You worked at AOL for 13 years before joining the U.S. Patent and Trademark Office. What made you decide on the career change?

■ The company wasn’t going the way I would like it to go. As I decided to leave, I was looking at different opportunities, and one of the ones that fascinated me was the Patent and Trademark Office. I had applied for many patents. I actually got one as primary inventor, and it took me six years to do it. That’s way too long.

Does your experience applying for patents inform decisions in your current role?

■ I came to the U.S. PTO because I believe in the patent system. I believe our founding fathers were right in protecting someone’s intellectual property. To protect that ... is paramount to the nation’s economy. To take six years [to patent] an algorithm or a piece of software, that’s just huge. It takes too long. I know Patents is working on that, and part of what we’re doing here in the Office of the Chief Information Officer is helping influence that.

The America Invents Act made several significant changes to the way patents are issued and protected in this country. Did it impact the agency’s technology needs or demands?

■ It caused hundreds and hundreds of changes. We have approximately 200 systems ... that are connected in many ways and, in some ways, not connected. When we look at the changes AIA wanted and the new systems AIA wanted, there was no way to rapidly develop and prototype those systems with the way we were doing work. Some of the first deliveries had to happen in a year.

What kind of technology was the office dealing with before your recent efforts to modernize?

■ A lot of the technology the PTO had was ancient. Some of it was started on mainframes as early as the 1970s. There was a plethora of very old hardware, and there wasn’t a concerted effort to modernize the environment and bring it up to modern standards when I came in in 2008. We built a modernization road map. It took five years, and we prepared one of the most modern infrastructures you can get.

The hard part is really redeveloping and rewriting from scratch, kind of re-envisioning as it were, business architecture and design. Reimagine what a modern patent or trademark examination system is. The real difference in this job is you can’t go out and buy a patent and trademark system. I tried. No one makes one.

One of the biggest shifts you’ve undertaken is moving toward “agile development.” What does that mean?

It’s a process of project management. Instead of thinking we’re going to start today and totally define something that four years or five years from now will be delivered and it will be right ... agile takes things in chunks. Agile accounts for a rapid change in direction. It accounts for not planning on things you don’t know. There are all kinds of technologies that go with that to bring us up to modern standards. What I’m talking about being done was being done [by industry] in the early 2000s.

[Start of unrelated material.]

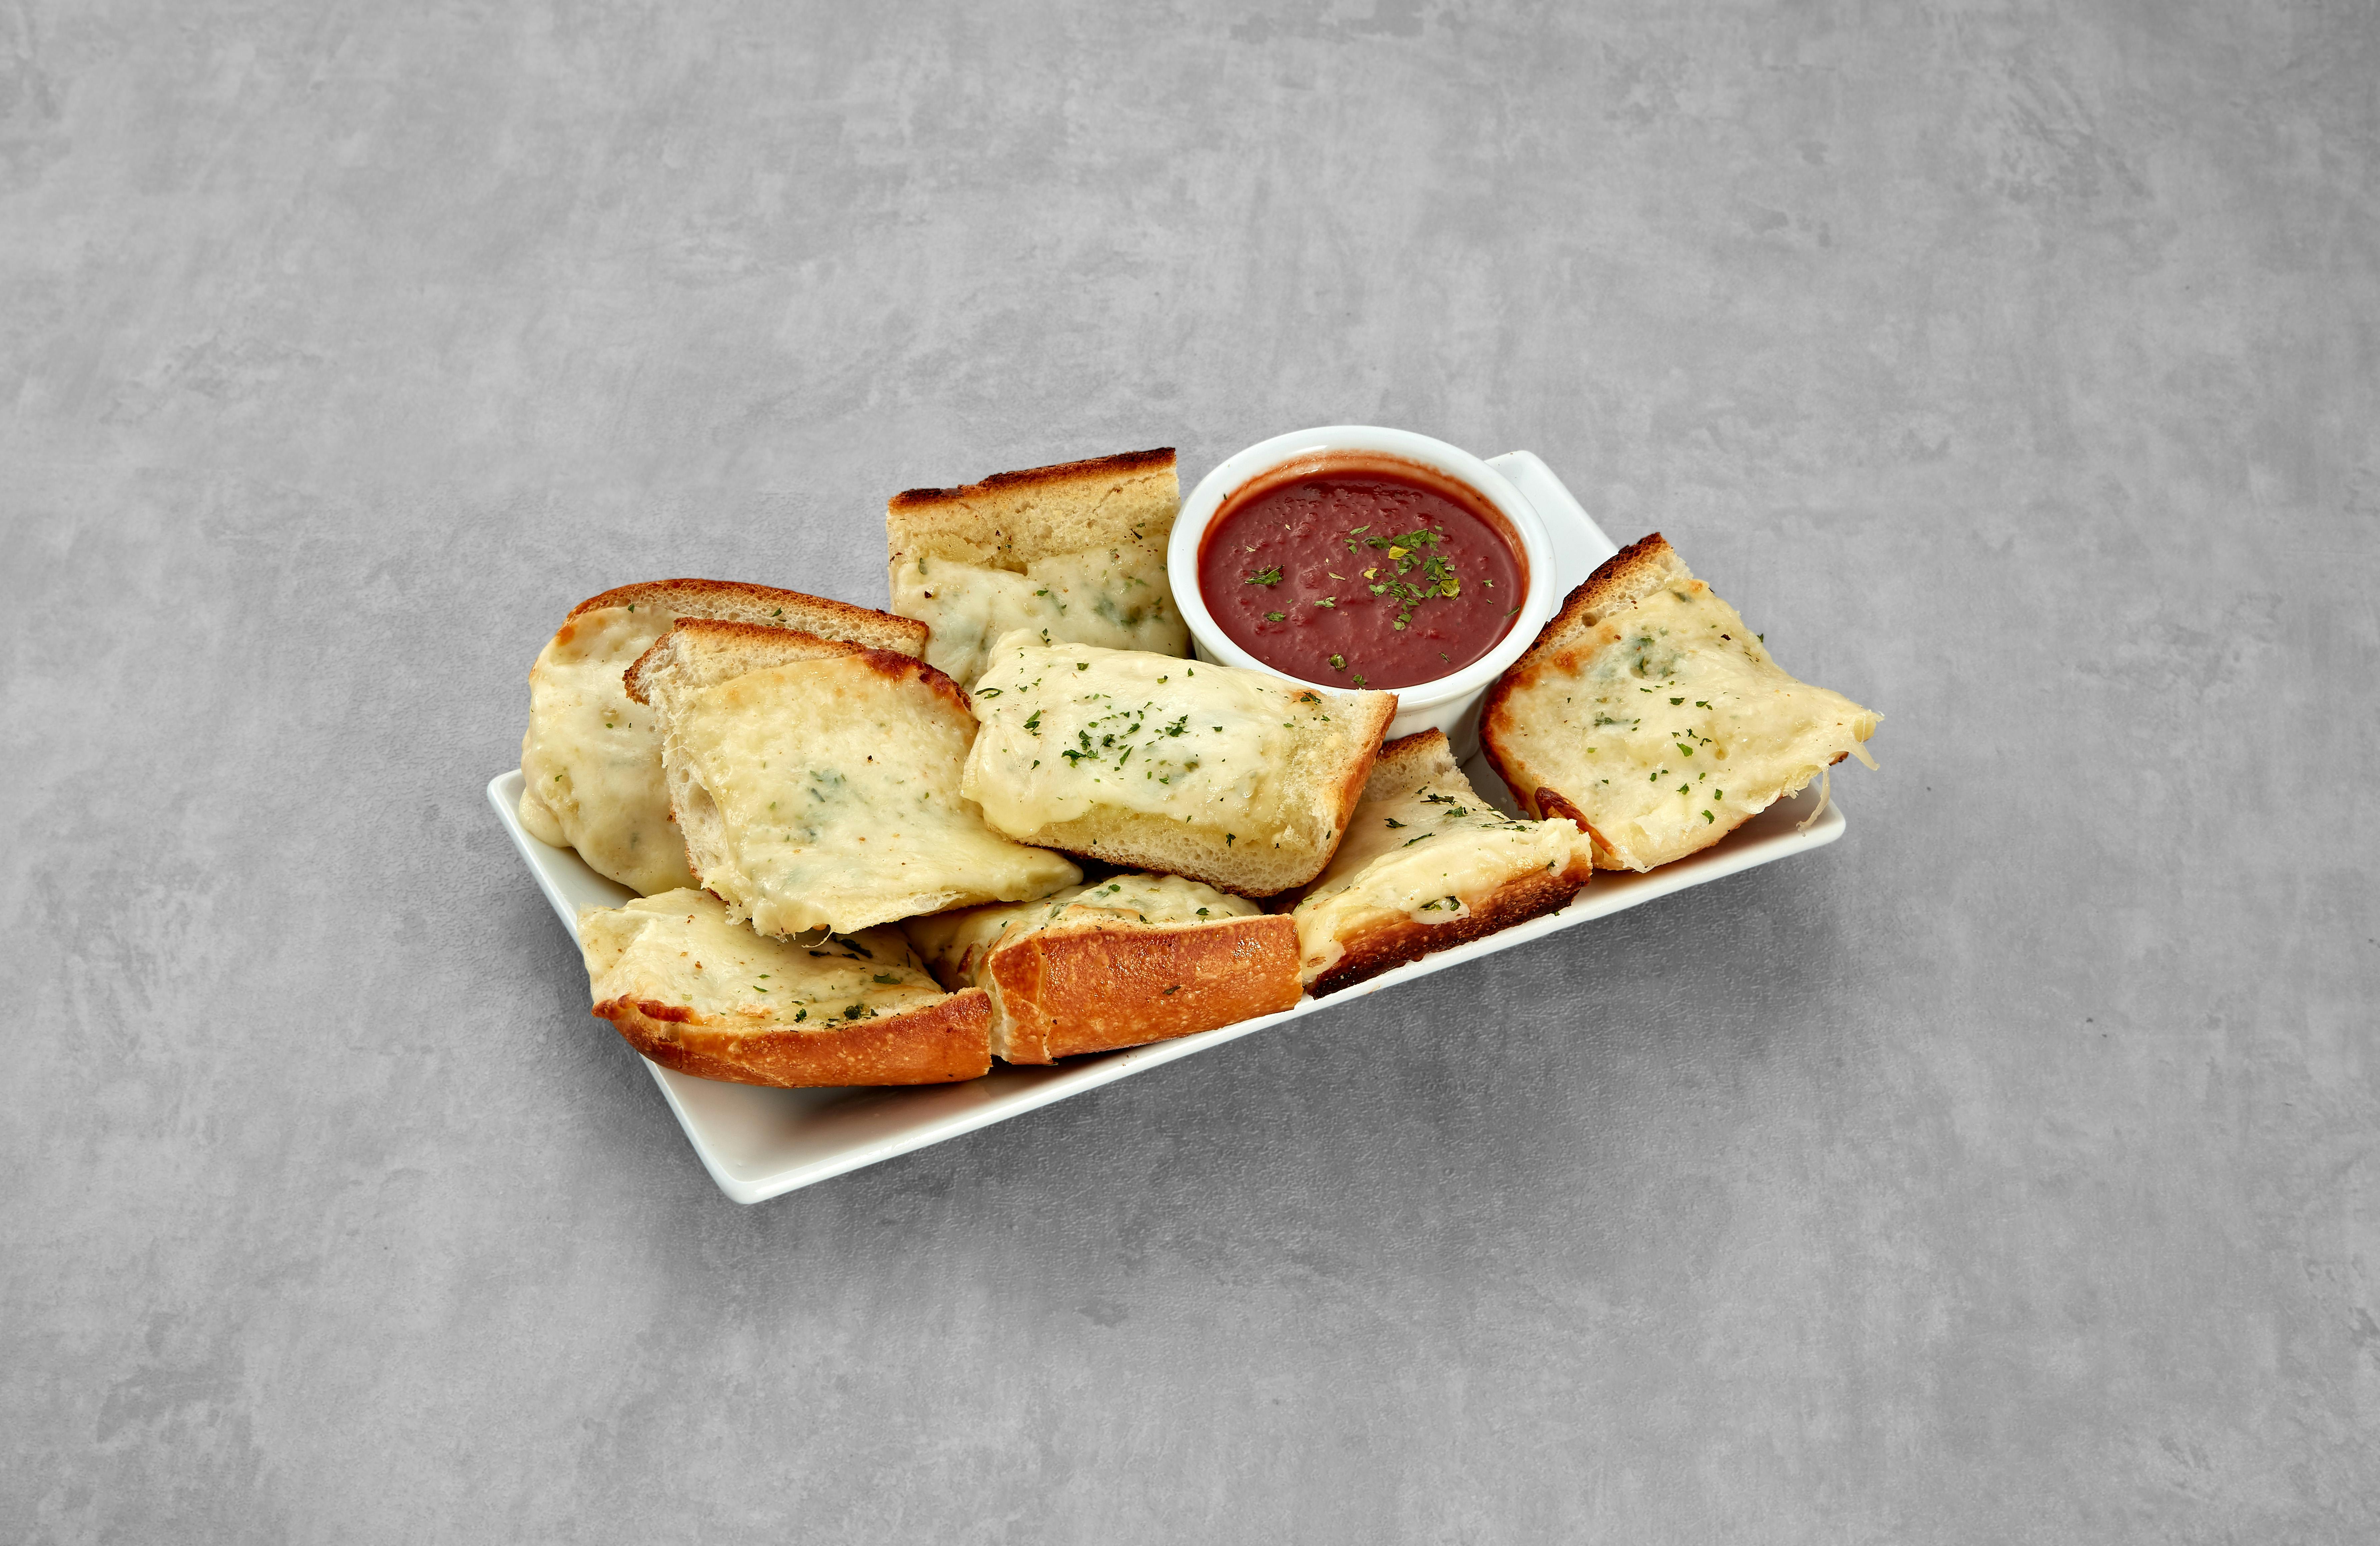 Garlic Bread with Mozzarella from Mario's Pizzeria in Seaford, NY

The next goal you’re working toward is rapid deployment of new technology. Why is that important?

■ The newest thing we’re embracing over the last two years and have been working toward is rapid deployment. First you have to develop the software and make it what the customer wants, but then there was a bottleneck on delivering it to the public.

[With rapid deployment], you roll new software out a piece at a time. Architecturally, it’s difficult to manage, but the benefits are astounding. It’s how Facebook comes out with new features and Twitter comes out with new tweaks to bugs without having to take down the whole system.

At the U.S. PTO, at any minute we could have a change. The court could decide something and we have to change. All of these things cause us to have to change our systems, but the legacy systems aren’t apt to change. And in a modern environment, they have to change a lot.

What’s the end goal?

We need the best IT. If you kind of look at the U.S. PTO examiners’ widgets, the machinery they use to process them is IT, and that system has to work and work well. It has to be just as available as many of the more modern systems we expect, whether it be Twitter or Gmail or Amazon [Web] Services. When they go down, they make the front page of The Washington Post. Our systems are generally old and frail, so when they go down, they don’t make the front page. The goal is to get to a point where the U.S. PTO systems are so robust and strong ... that if our systems fail, we would make the front page of The Washington Post . Not that we would ever want to.

Will people outside the office, such as those applying for patents, see changes or benefits?

■They’re going to see an improvement on performance, on quality. They’re going to see a more modern system that’s easy to use and available 24 by 7 by 365. It’s going to be a real game changer. They’re going to see a consistent reduction in system outages and failures, so one day if it does happen it will make the front page of The Washington Post because it will be that rare.